- **The task**
Each line in the records below, from the one that contains "Microsoft 2000 Annual Report" to the one that contains "Grey/Green Retro Cargo", should be reproduced exactly, the first and last included.

- **Dataset extract**
§ §

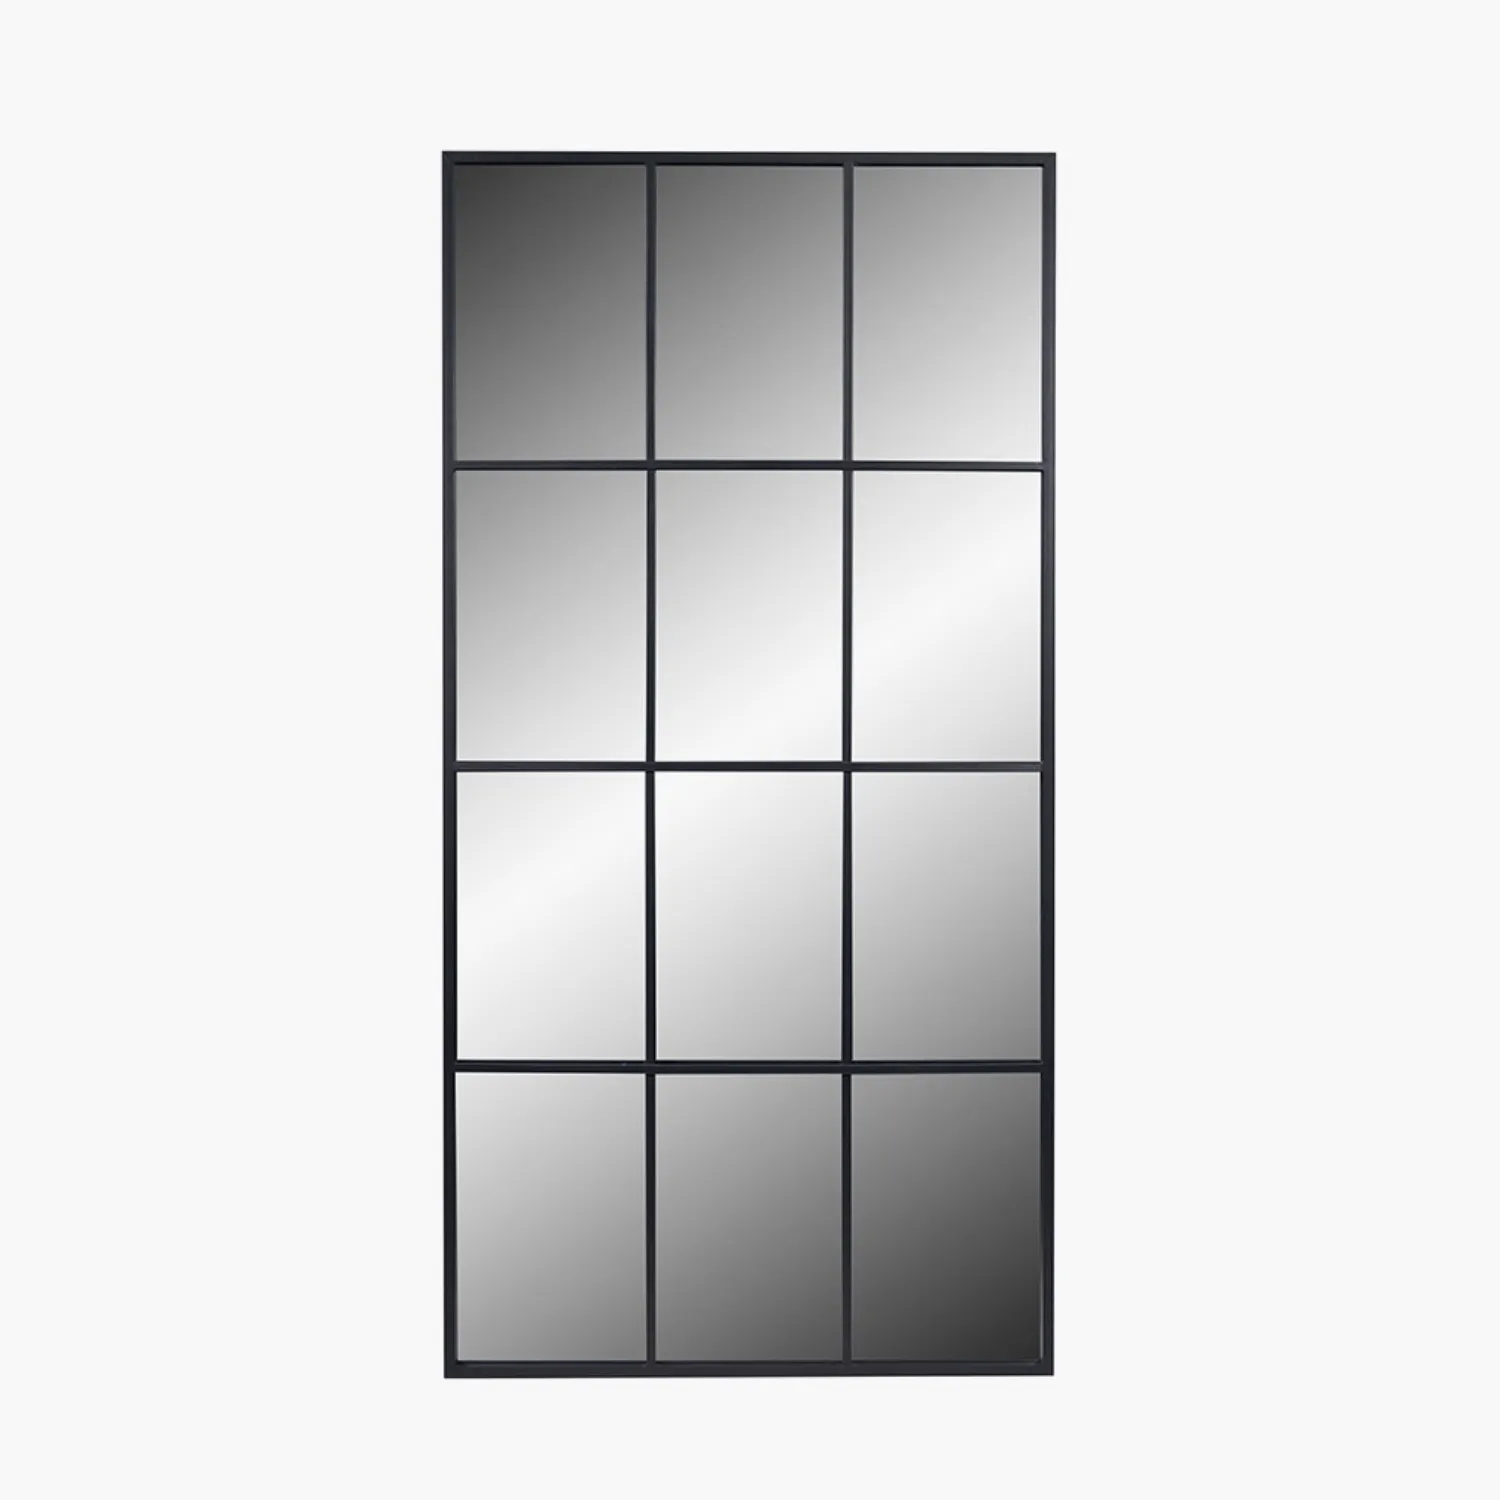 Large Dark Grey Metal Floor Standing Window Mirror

§ §

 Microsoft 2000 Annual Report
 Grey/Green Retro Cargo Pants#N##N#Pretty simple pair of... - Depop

§ §

- **Response to this task**
 Microsoft 2000 Annual Report
 Grey/Green Retro Cargo Pants#N##N#Pretty simple pair of... - Depop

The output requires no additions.